Results: Among the 141,697 patients who underwent fusion with posterior instrumentation (3-6 levels), the overall rate of 90-day AKI was 2.96%. We discovered that the logistic regression model and LSVM demonstrated the best predictions with area under the curve (AUC) values of 0.75. The most important AKI prediction features included chronic renal disease, hypertension, diabetes mellitus ± complications, older age (>50 years old), and congestive heart failure. Patients who did not have these five key risk factors had a 90-day AKI rate of 0.29%. Patients who had an increasing number of key risk factors subsequently had higher risks of postoperative AKI.

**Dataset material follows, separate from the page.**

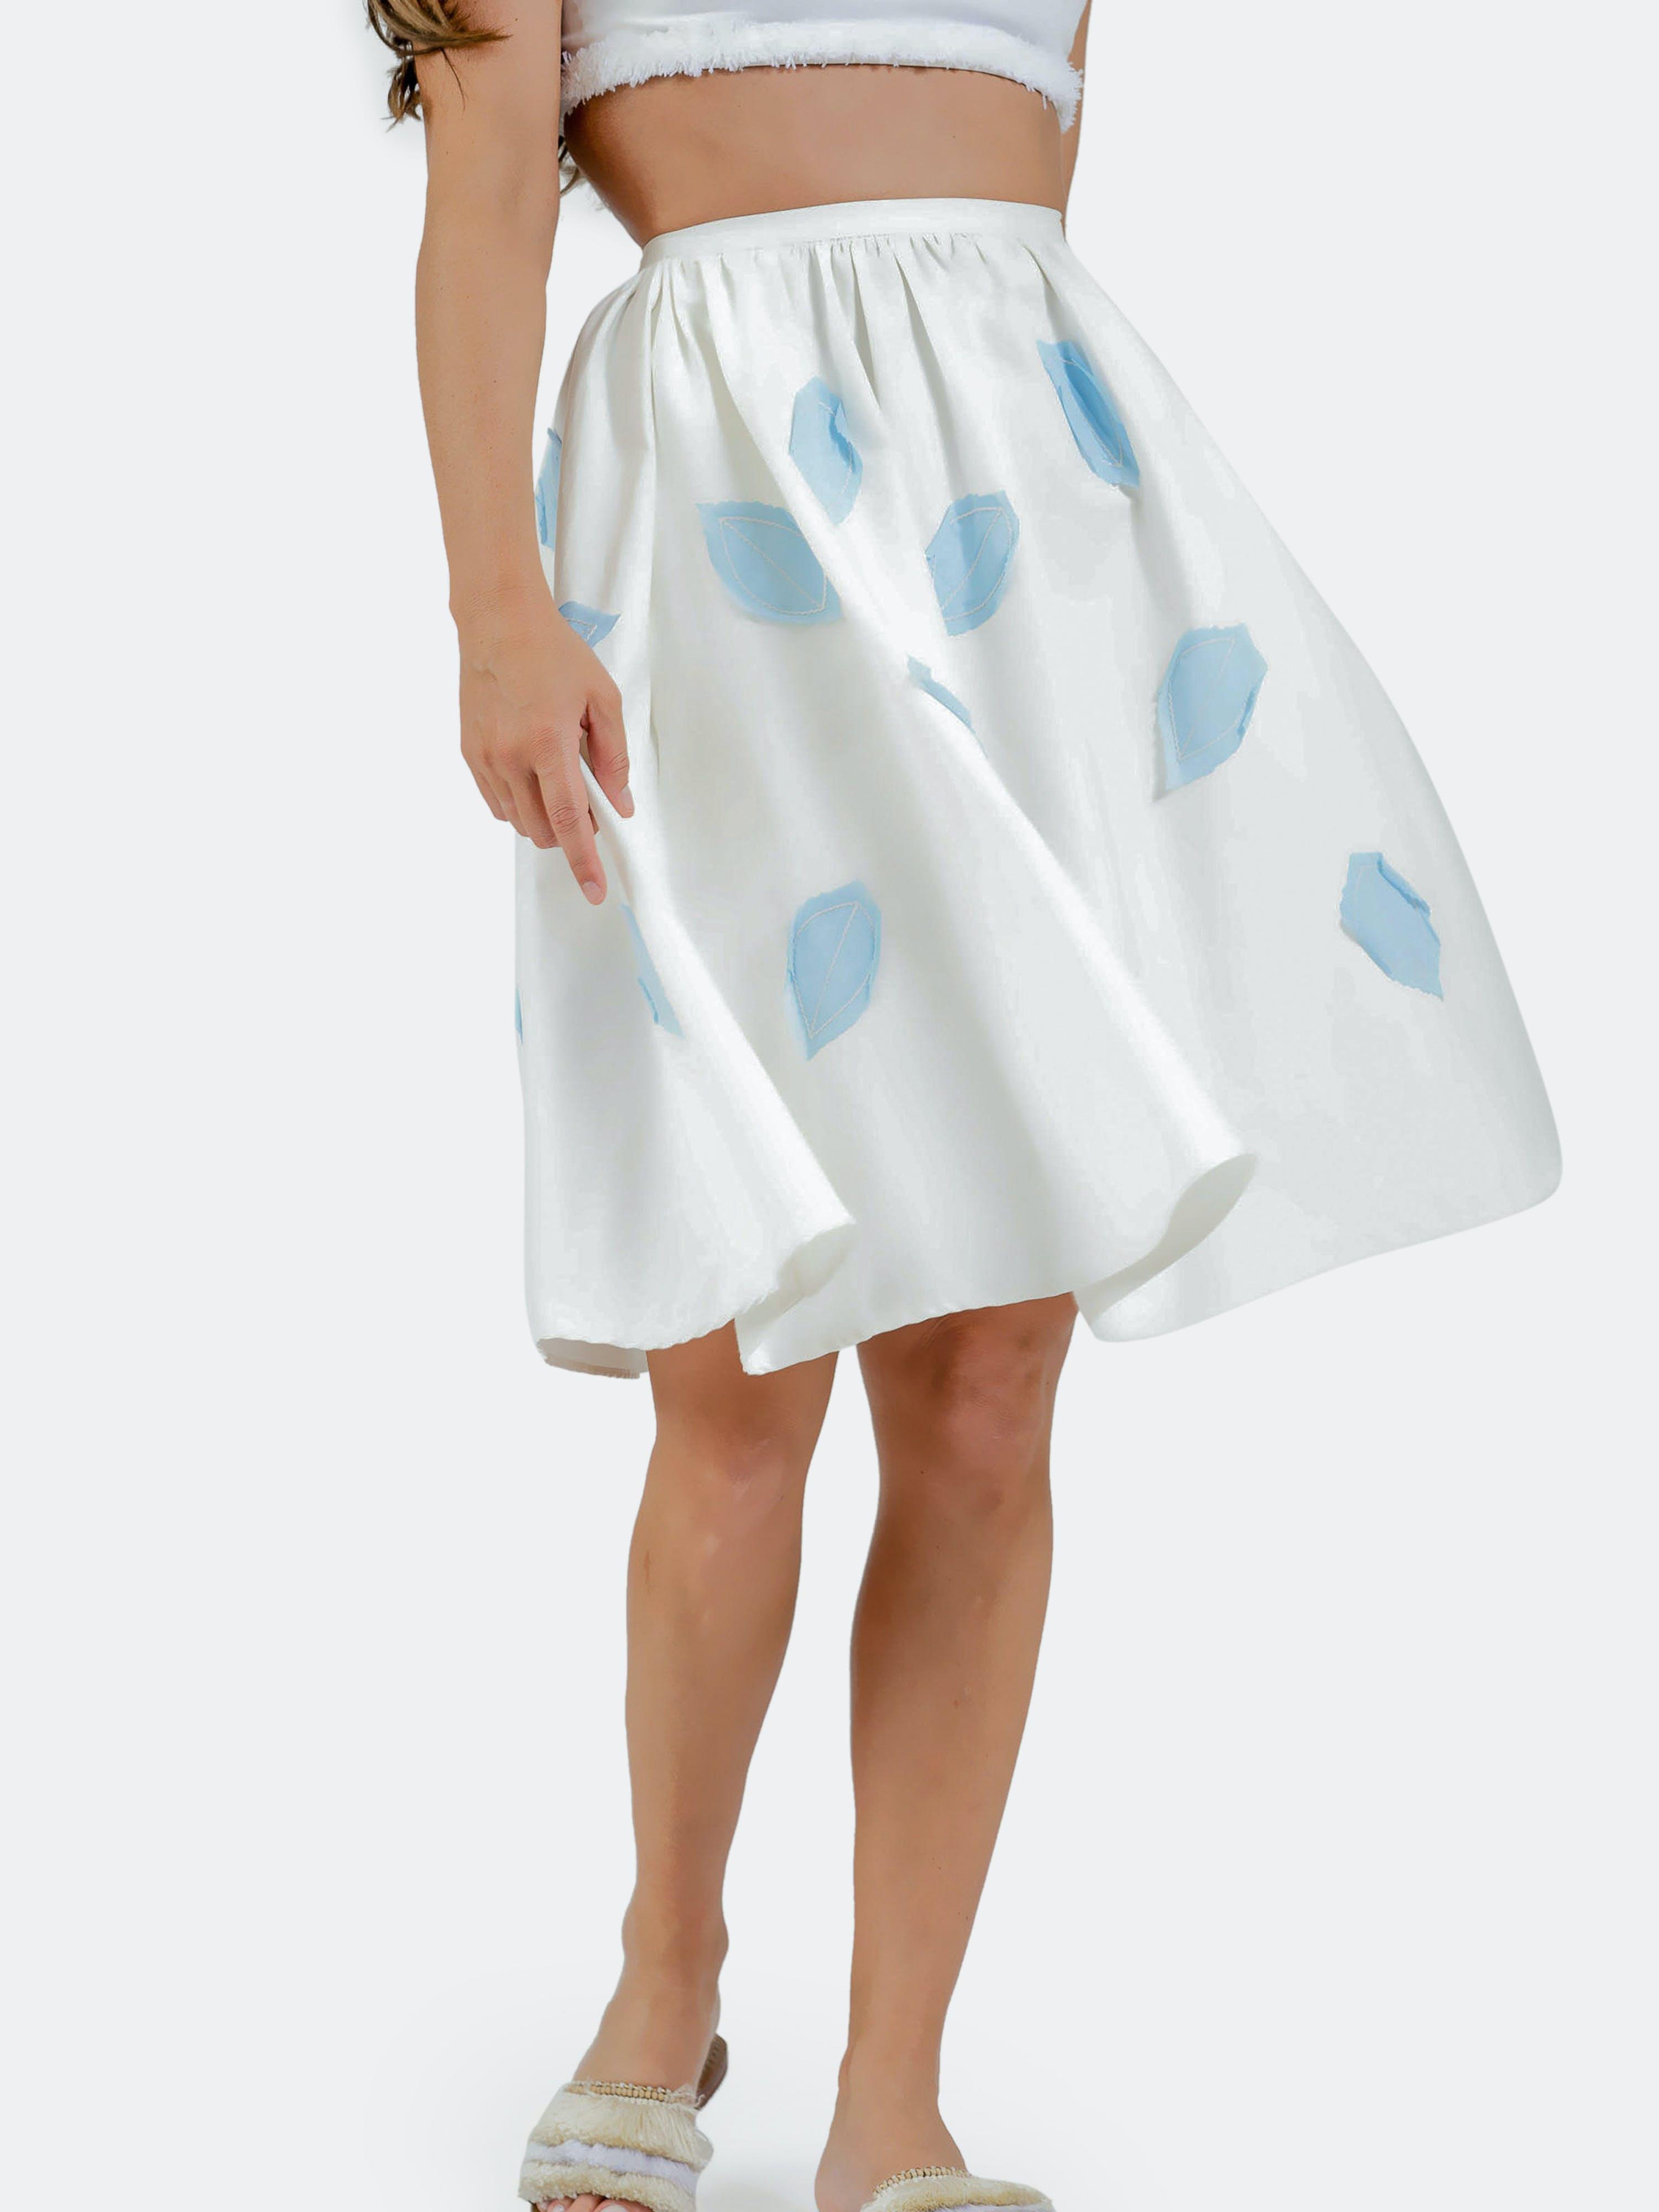 Palmier Meadow Lane Garden Skirt - L - Also in: S, M, XS  - White

Conclusions: The analysis of the data with different ML models identified 5 key variables that are most closely associated with AKI: chronic renal disease, hypertension, diabetes mellitus ± complications, older age (>50 years old), and congestive heart failure. These variables constitute a simple risk calculator with additive odds ratio ranging from 3.38 (1 risk factor) to 91.10 (5 risk factors) over 90 days after posterior spinal fusion surgery. These findings can help surgeons risk-stratify their patients for AKI risk, and potentially guide post-operative monitoring and medical management.